Are there any good Working Bots currently going? that are reliable and trustworthy??

----------


## pascou94

You can look on SRL Forums / Villavu, need some configuration but once done, it's a good one and as far as I know, it's the only one that survive the bot nuke

----------


## Renji1337

Robotz in Disguise 

RID still has alot of working bots.

----------


## Koean

Bots are dying faster :/

----------


## fredalbob

EpicBot has returned, better than ever.  :Big Grin:

----------


## Vaikiss

epicbot.com , powerbot.com , rarebot.com 

all these 3 works fine (altho rarebot hvnt recovered since last update yet)

----------


## NZT

Most bots have died out, and even more have died out with the release of Optimus, but you could try EpicBot. I've head that is good.

----------


## sssniper86

Tried only free ones.
RSBot was the best. But their changes in code led to necessity to change most scripts that exist.
Rarebot is a good replacement for RSBot since it is basically the same as an old RSBot and you can get most scripts working with a little bit of tweaking.
Simba was good while injection bots tried to recover after bot-nuking day.

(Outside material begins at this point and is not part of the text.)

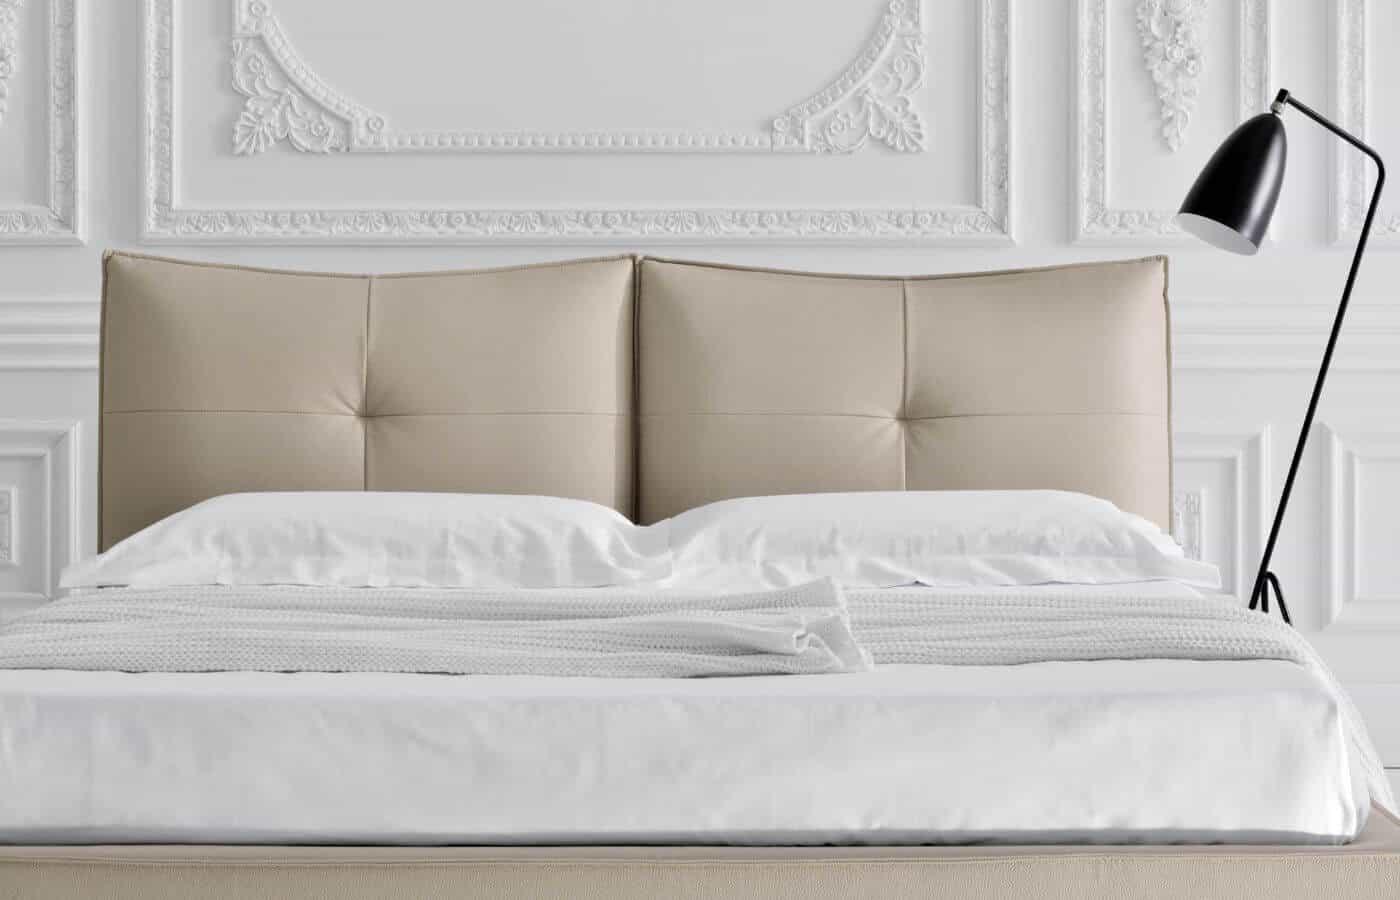 zona-notte-letto-collezione-jasper-il-mobile (2)

But color bots are too clumsy and unstable.

----------


## Emiliix

RSBot at RSBot, from powerbot - leading RuneScape® bot automation however it doesn't seem to be as good as it used to be  :Frown:

----------


## zoubiey

> RSBot at RSBot, from powerbot - leading RuneScape® bot automation however it doesn't seem to be as good as it used to be


I think it's greater then ever! Working like charm, just need all the F2P scripts to start rolling in and they are back for all purposes.

----------


## AtomX

It's a great bot, only problem is that it's really hard to add private scripts, so you have to rely on the sdn to get it to work.

----------


## MtnWalsh

Just remember the nuke comes this June or July. They keep pushing it back though, thankfully

----------